Thus, we’ve arrived at the basic idea: instead of pumping out all the information from the entire table, it’s enough to calculate the relationship between the primary key and the record number at several points in the table, and, using piecewise interpolation, obtain a way to quickly jump to the record whose sequence number in the set approximately corresponds to the one specified.

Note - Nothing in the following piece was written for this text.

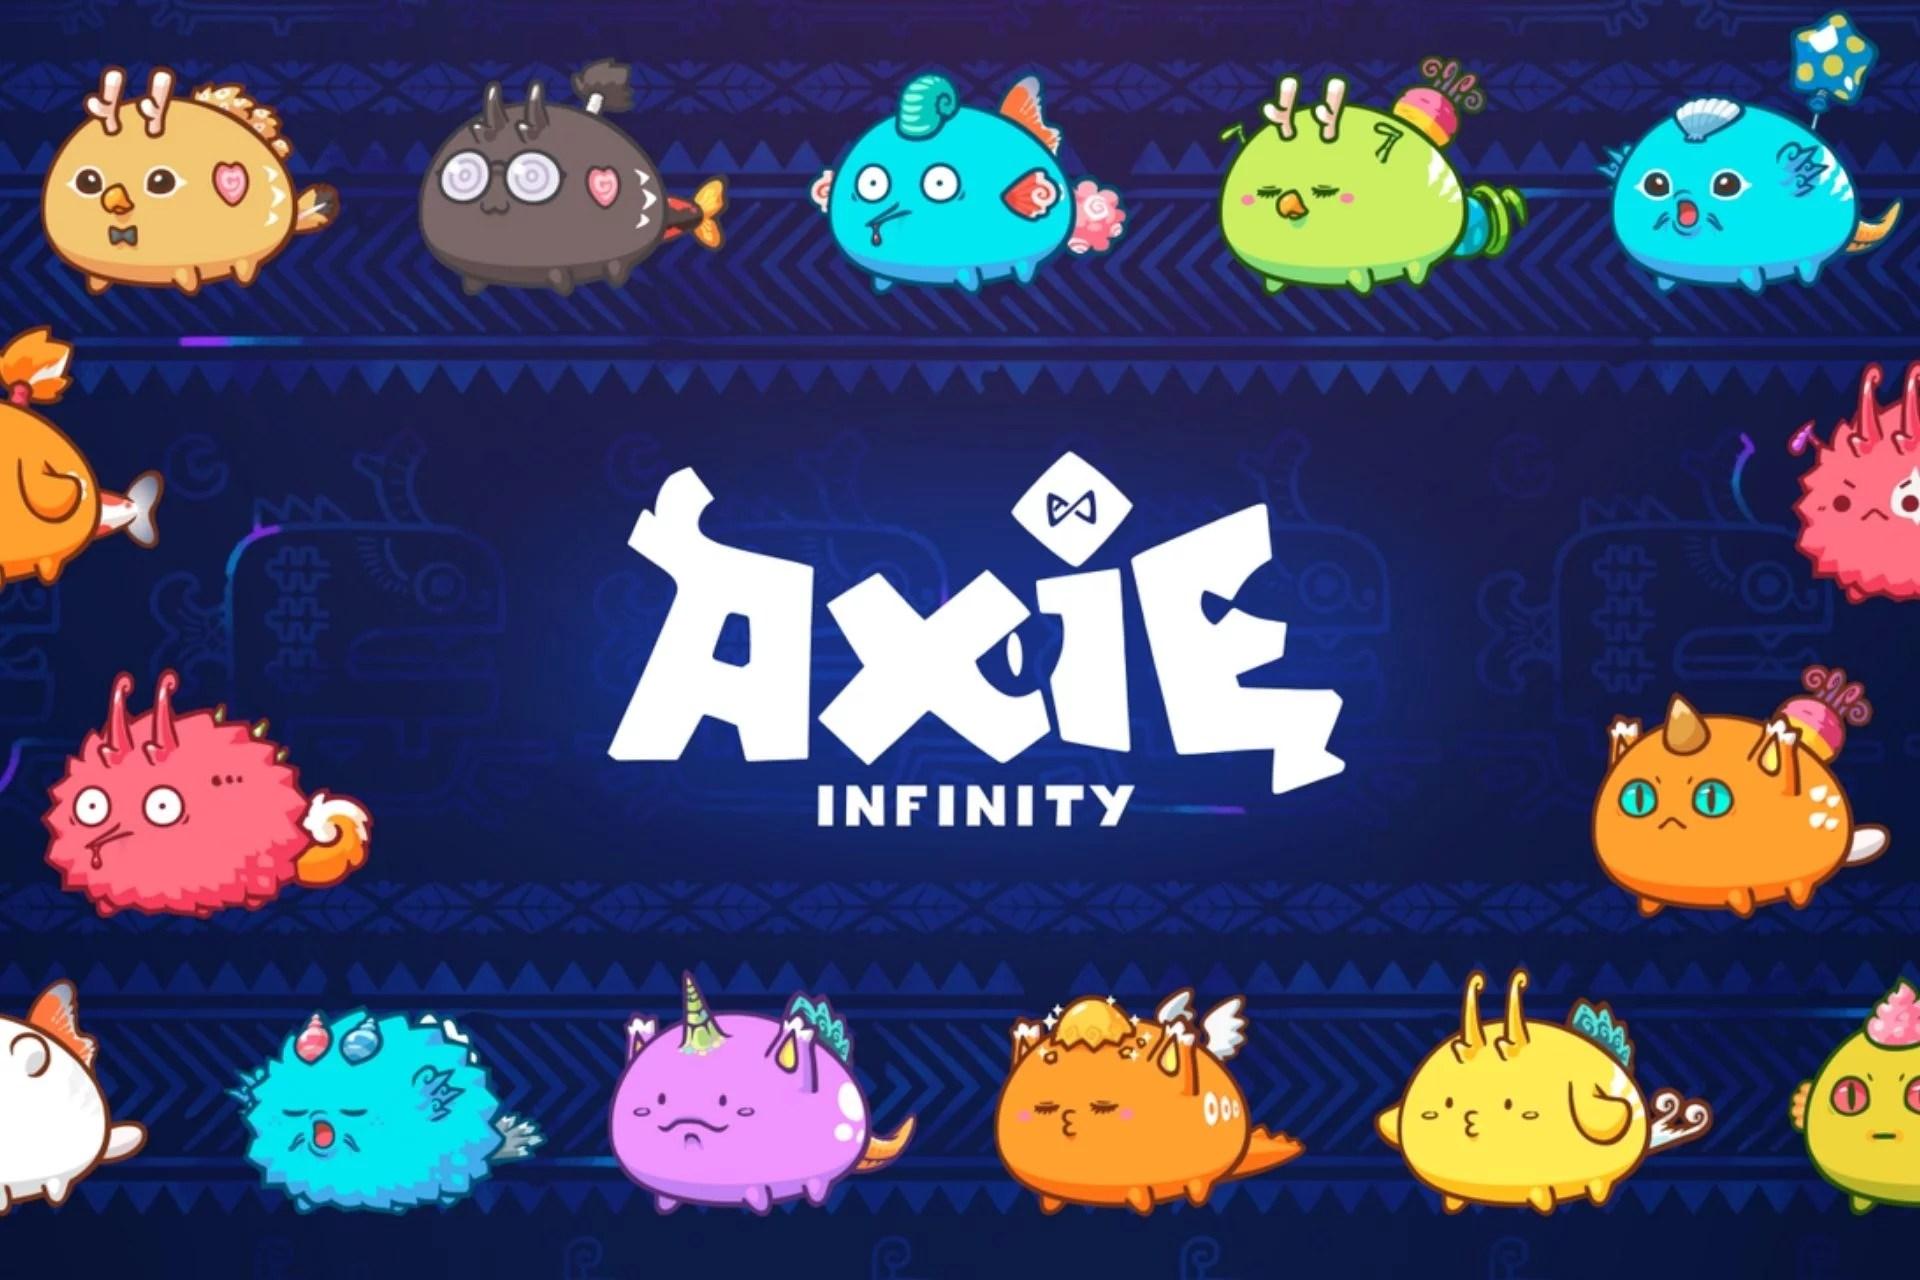 Axie Infinity sobrepasa los 2 mil millones de dólares en ventas de sus NFT y los 1.5 millones de jugadores activos diarios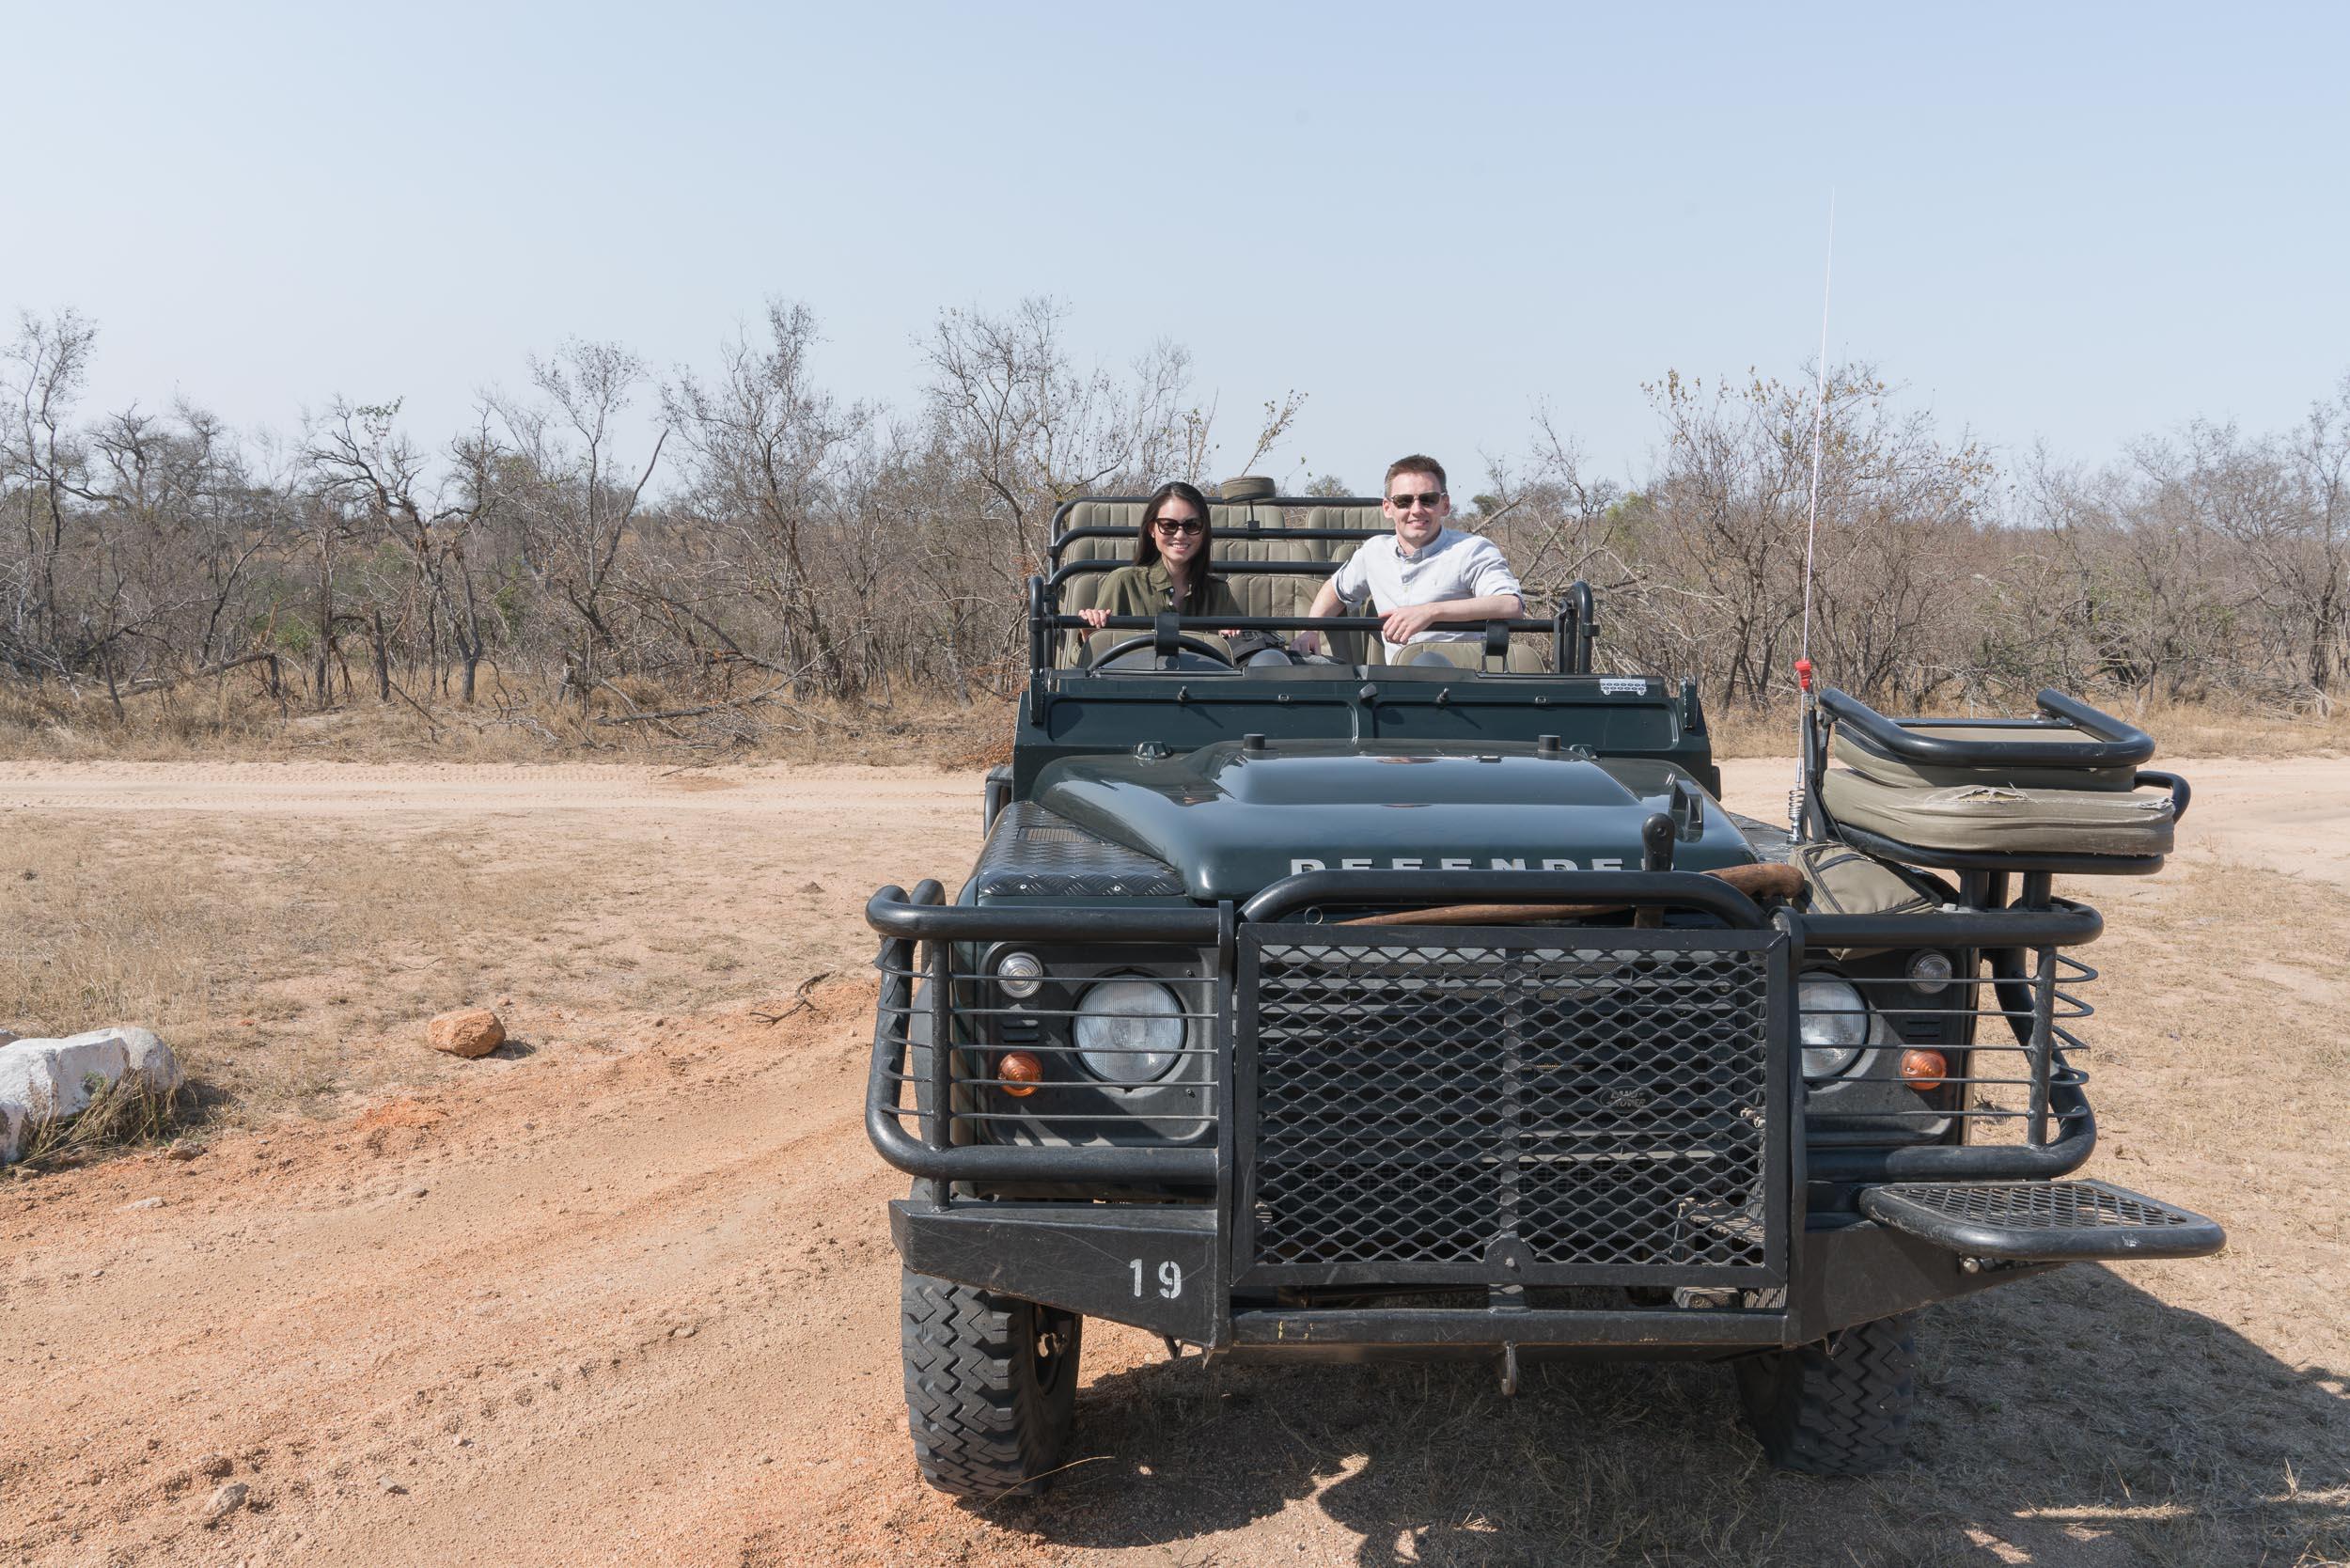 the_getaway_edit_south_africa_safari_londolozi_game_reserve-52.jpg

The word "approximately" should not baffle us: after all, we are implementing a response to the action of the user setting the scrollbar knob. The user always does it "by sight": for example, having set it approximately in the middle, they expect to see records "from somewhere in the middle of the set," and certainly not the precise record with the number N/2, so it will be perfectly correct to resort to approximation.
Removing Simplifying Constraints
Now let’s remove the assumptions we’ve made earlier in order to simplify the articulation of the main idea.
-
First of all, we said that a unique key consists of one integer field. When a table has a compound key, and/or when the key contains not only integer values, but also strings, dates, etc., we can enumerate all possible combinations of key values so that they correspond to integers. The way to implement such numeration will be discussed later on in this article. The resulting numbers may be very large, but in general the task will be reduced to working with a single integer key. The bit length of such numbers must correspond to the cumulative size of the key fields, which is not surprising, because each number must unambiguously encode a field value. In Java, there is the
BigInteger
class for working with integers of an arbitrary value, a class that allows you to perform all the required operations with huge numbers. -
Secondly, we assumed that the data is sorted by the primary key. But if we require sorting by another column, then we can mentally substitute this column at the top of the primary key column list. This won’t change anything: the uniqueness of primary key values is not violated by adding another column to it, but sorting by primary key will now mean sorting by this column and then by other primary key fields.
Thus, we can always reduce our task to mapping a table with a single integer key. Below we will consider the details of implementing this approach.
The main system components are displayed in the figure below:
-
The interpolator holds a small table in memory and converts the knob position into the record’s sequence number and vice versa.
-
The enumerator converts the record’s sequence number to key field values.
-
The query generator creates
SELECT …
queries to the database.
Step-By-Step Algorithm Operation: Scrolling
Let’s consider the example of the National Statistics Postcode Lookup (NSPL), which contains information on 1.75 million UK postal codes. The simplified structure of the directory is defined as follows:
CREATE TABLE nspl (
postcode VARCHAR (7) NOT NULL PRIMARY KEY,
area VARCHAR (60) NOT NULL,
region VARCHAR (25) NOT NULL
);
CREATE INDEX ix_nspl ON nspl (area, postcode);
Let’s display this directory, sorting it by the name of the area and the postal code, imagining that the user scrolled approximately to the middle. Now let’s conduct a step-by-step analysis of this algorithm’s operation.
Step 1. We know the total number of records, and where the user placed the knob, thus, we can calculate the desired record number. Let’s say that this number is 657660.
Step 2. We can take the interpolation table and substitute the number of the desired record into it, performing an inverse interpolation. The output produced is the approximate sequence number of the key.
This is a huge number, which requires over a hundred characters even in the hexadecimal notation! For instance, as mentioned above, in Java the BigInteger
class can be used to operate with this number.
Step 3. We’re moving on from the interpolator to the enumerator. The enumerator should calculate the key field values by the approximate sequence number of the key. Below we will discuss the way the enumerator works. For instance, it may produce a pair of the following values:
"area" -> "g\"\"oMsxr\"w2)-Mie(n6'.Njs9HSUR&4u4P9m9sWb&VDyS.v&p1i2\"w3X&OB "
"postcode" -> "L5&fxUR"
It looks like absolute gibberish made up of letters and symbols. In reality, it means only that, based on interpolation, the grid presumes that the record number 657660 should contain approximately this key field combination.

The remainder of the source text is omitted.